== Records provided ==
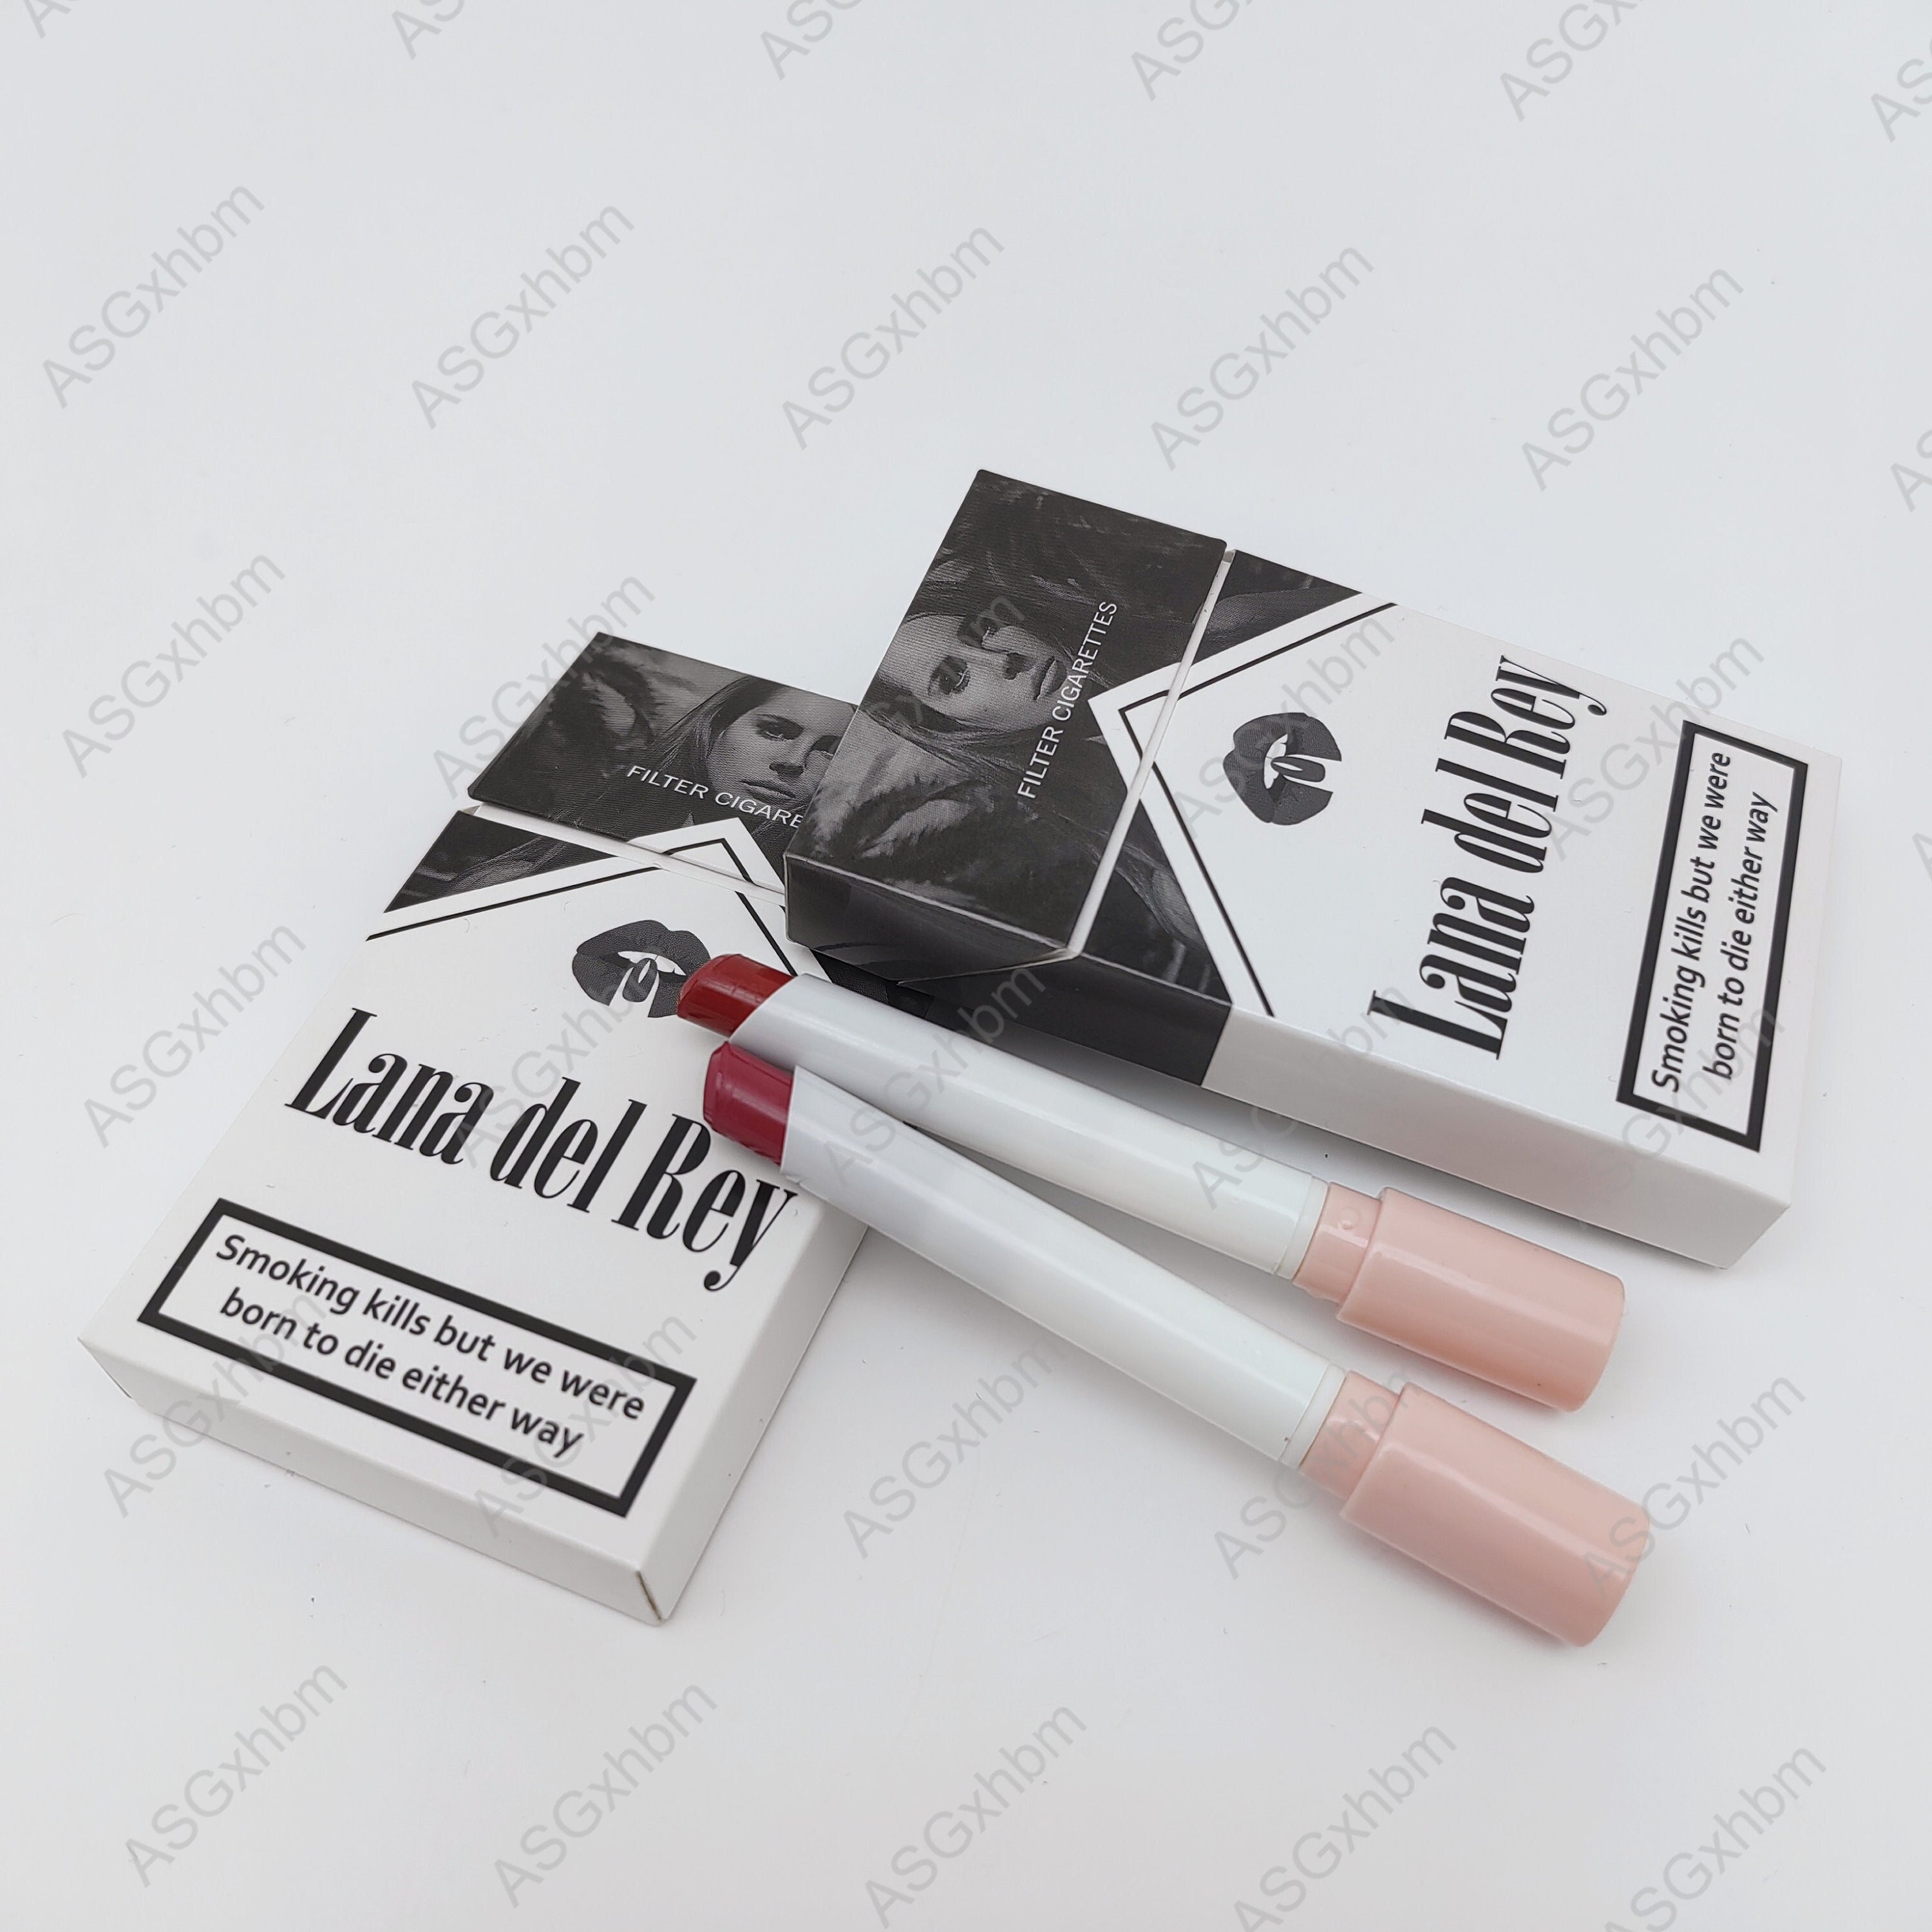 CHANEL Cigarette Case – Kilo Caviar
===
== Records provided ==
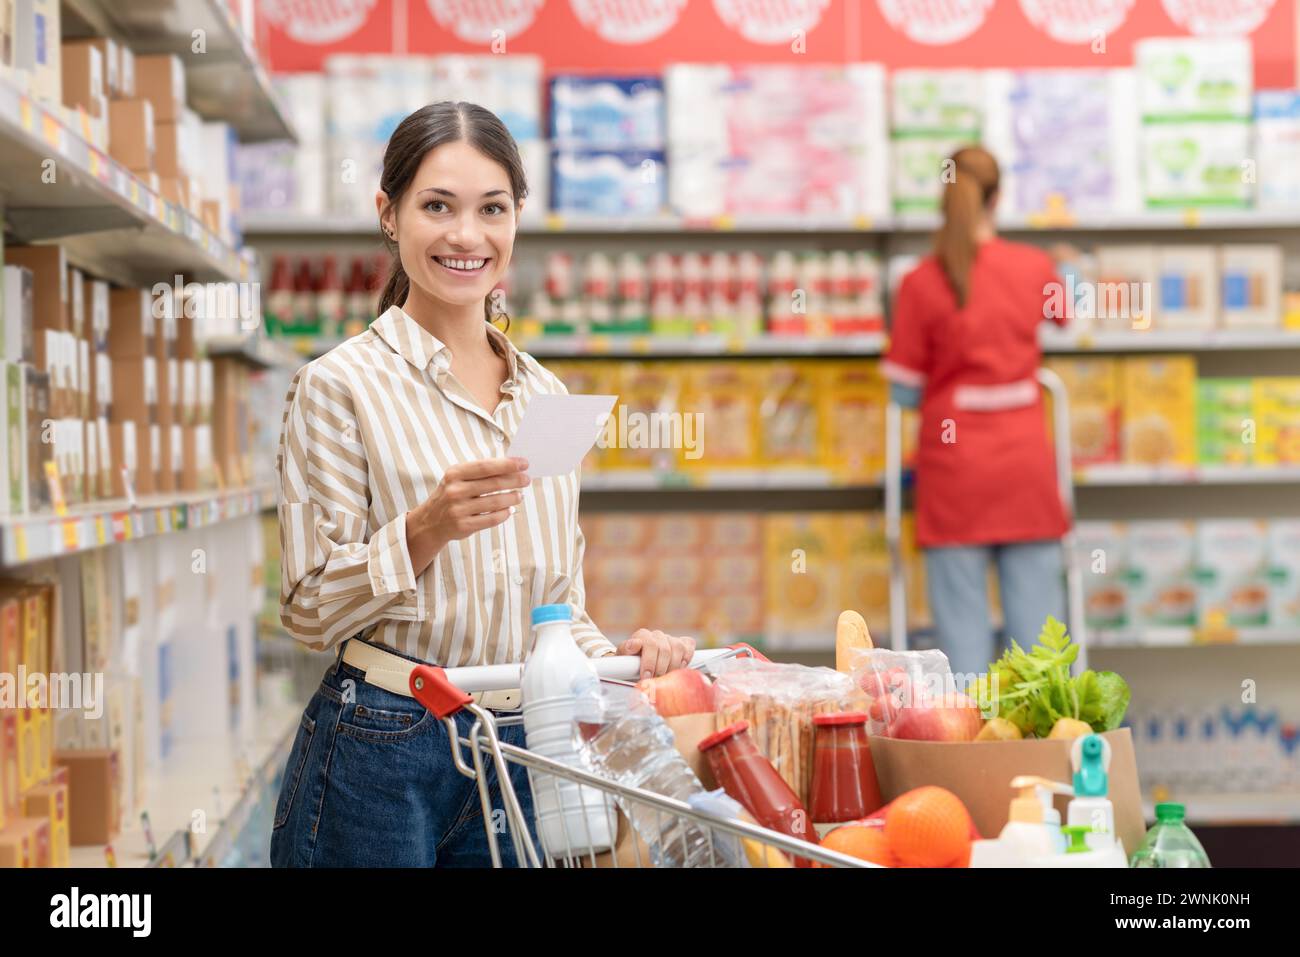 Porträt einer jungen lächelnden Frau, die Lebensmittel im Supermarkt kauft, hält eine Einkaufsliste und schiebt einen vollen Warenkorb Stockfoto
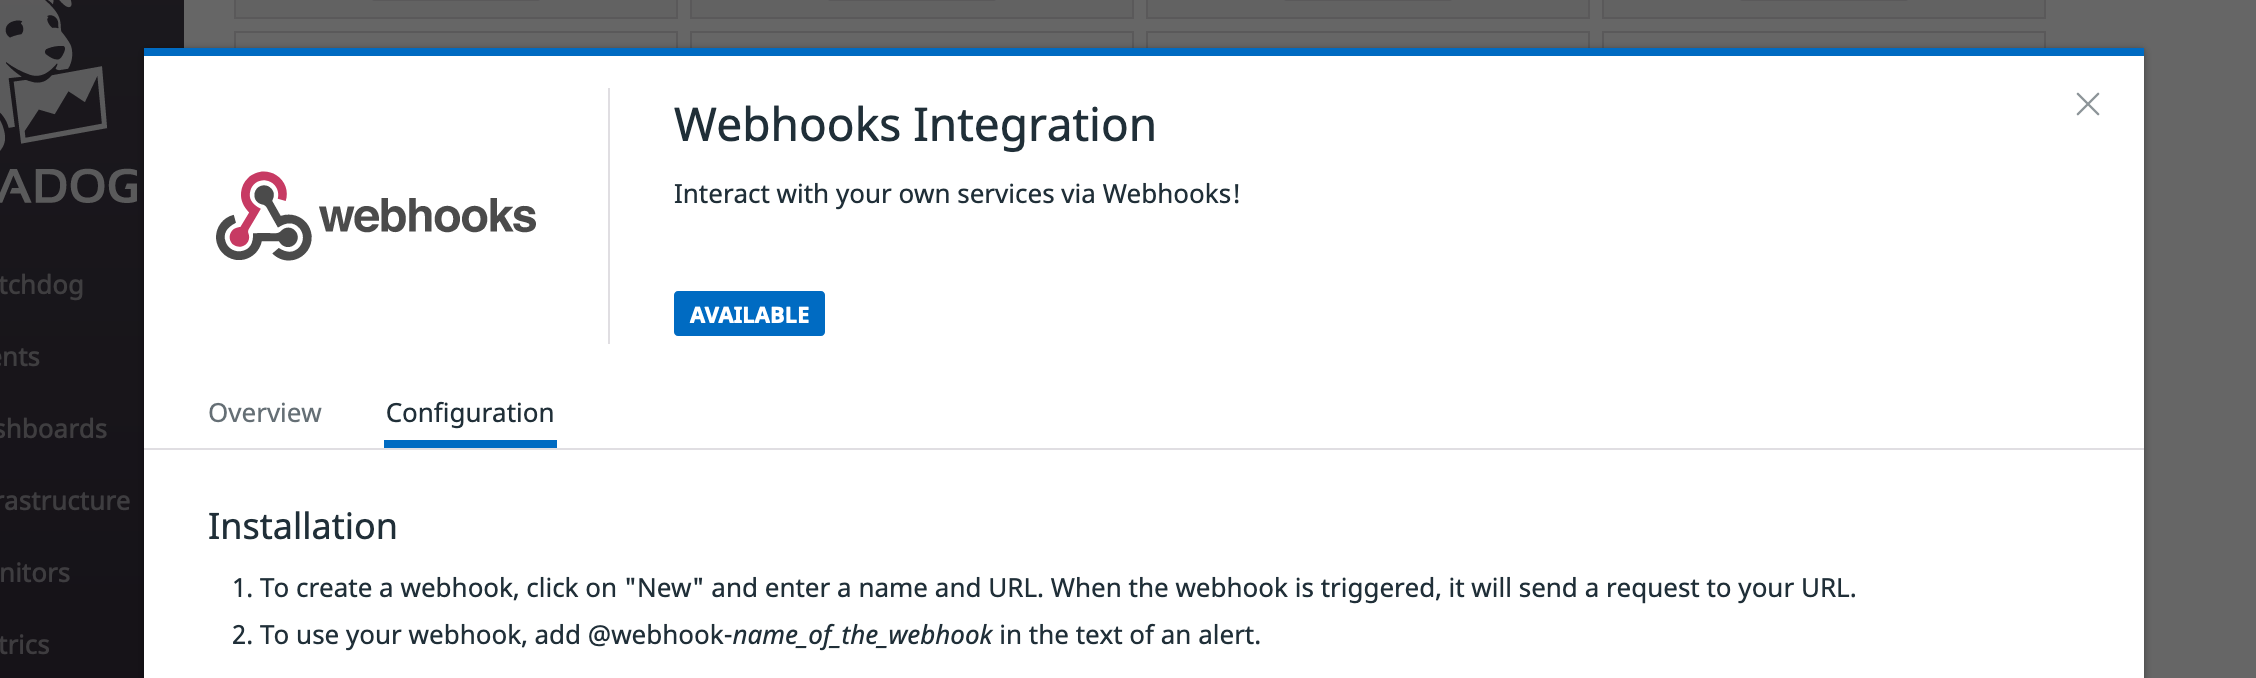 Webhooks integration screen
===
▸ Task instructions
Working from the entries above, please transcribe only the lines from the line with "Porträt einer jungen" through the line with "Webhooks integration screen", exactly, with both end lines and without pictures.

▸ Solution to this task
 Porträt einer jungen lächelnden Frau, die Lebensmittel im Supermarkt kauft, hält eine Einkaufsliste und schiebt einen vollen Warenkorb Stockfoto
 Webhooks integration screen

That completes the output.